Describe your use-case.

So far I haven't found a way to do this in parallel.

What would you like to see as a solution?

I don't know how to implement this feature.

Have you considered alternatives? List them here.

No response

Nov 24 '24 06:11 cciradih

+1

Jan 03 '25 15:01 Pevernow

Duplicate of #69. Pull requests adding multi-gpu support are welcome however.

Feb 16 '25 05:02 O-J1

I might be interested in playing with multi-GPU training, but the costs are prohibitive currently. I'd estimate many hours of 2x A5000 rental initially, and later a limited number of hours of 4-8x A100+ for performance tests.

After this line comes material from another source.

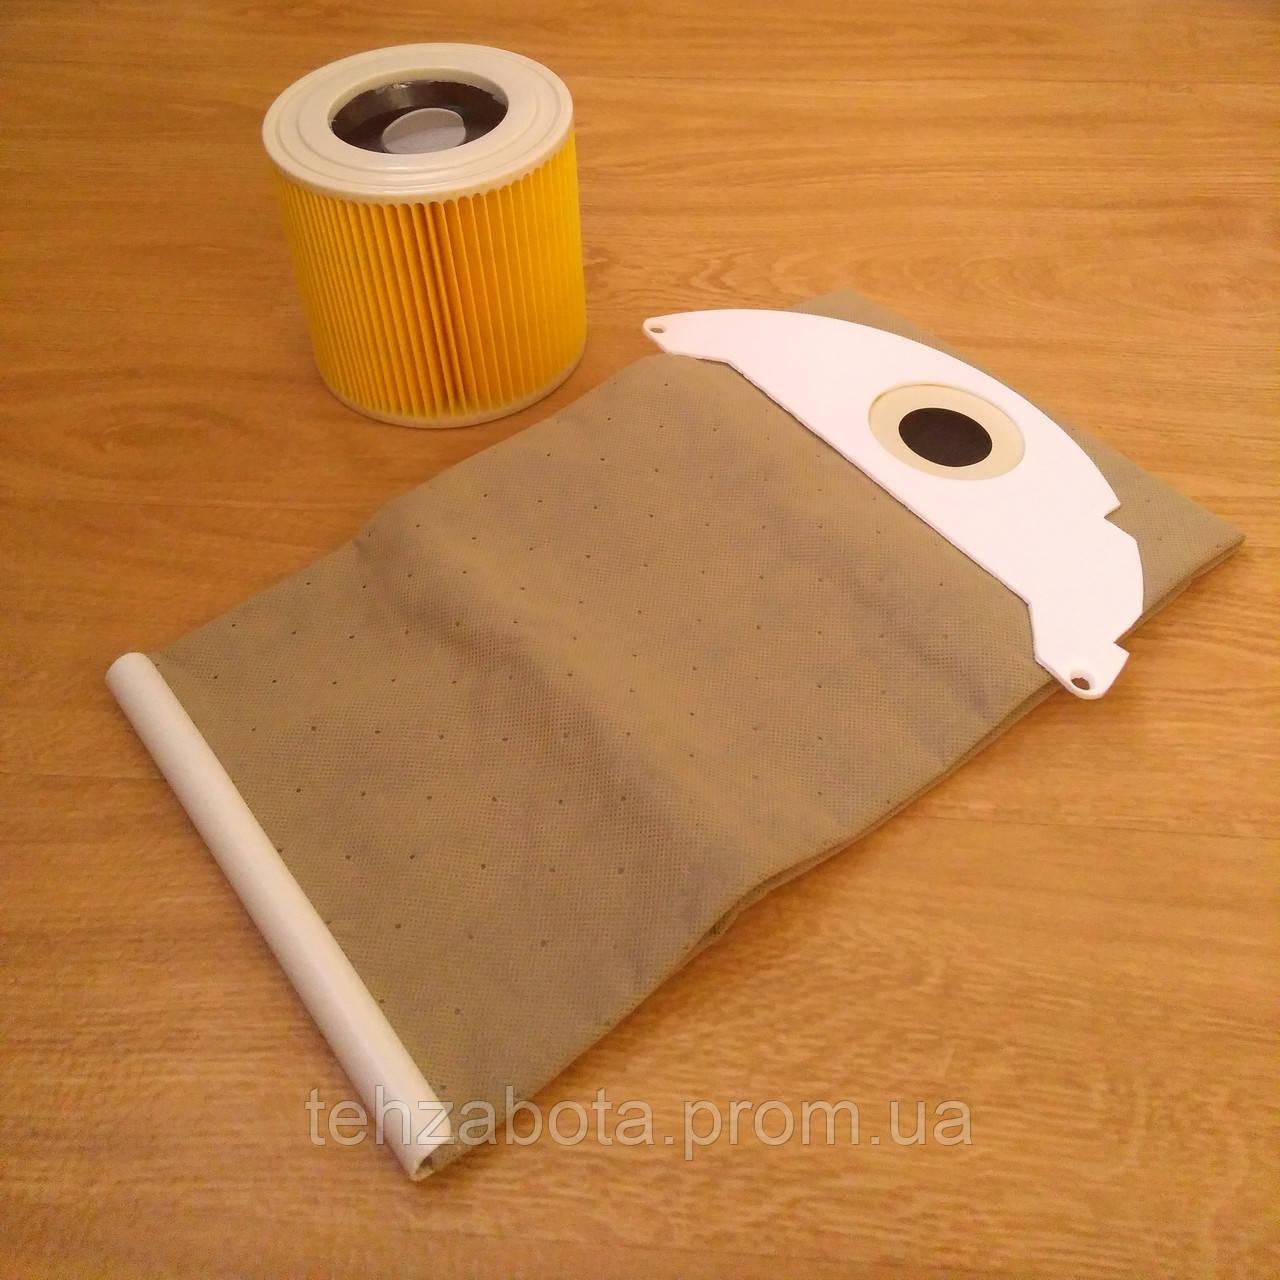 комплект мешок и патронный фильтр для пылесоса Karcher Wd 2 Mv 2 A 2004 Wd 2 200 6 904 322 0 6 414 552 0

Feel free to delete this comment, if this is considered solicitation. [I'm not interested in multi-GPU dataset preparation through MGDS, only training]

Feb 16 '25 06:02 dxqb

I've looked into this a bit, and torch.distributed seems much more suitable to be integrated into OT codebase than the usual accelerate or torch DDP

Apr 18 '25 19:04 dxqb

https://github.com/Nerogar/OneTrainer/pull/816

Apr 24 '25 19:04 dxqb

A draft implementation is now available. Testers are welcome.

Apr 24 '25 19:04 dxqb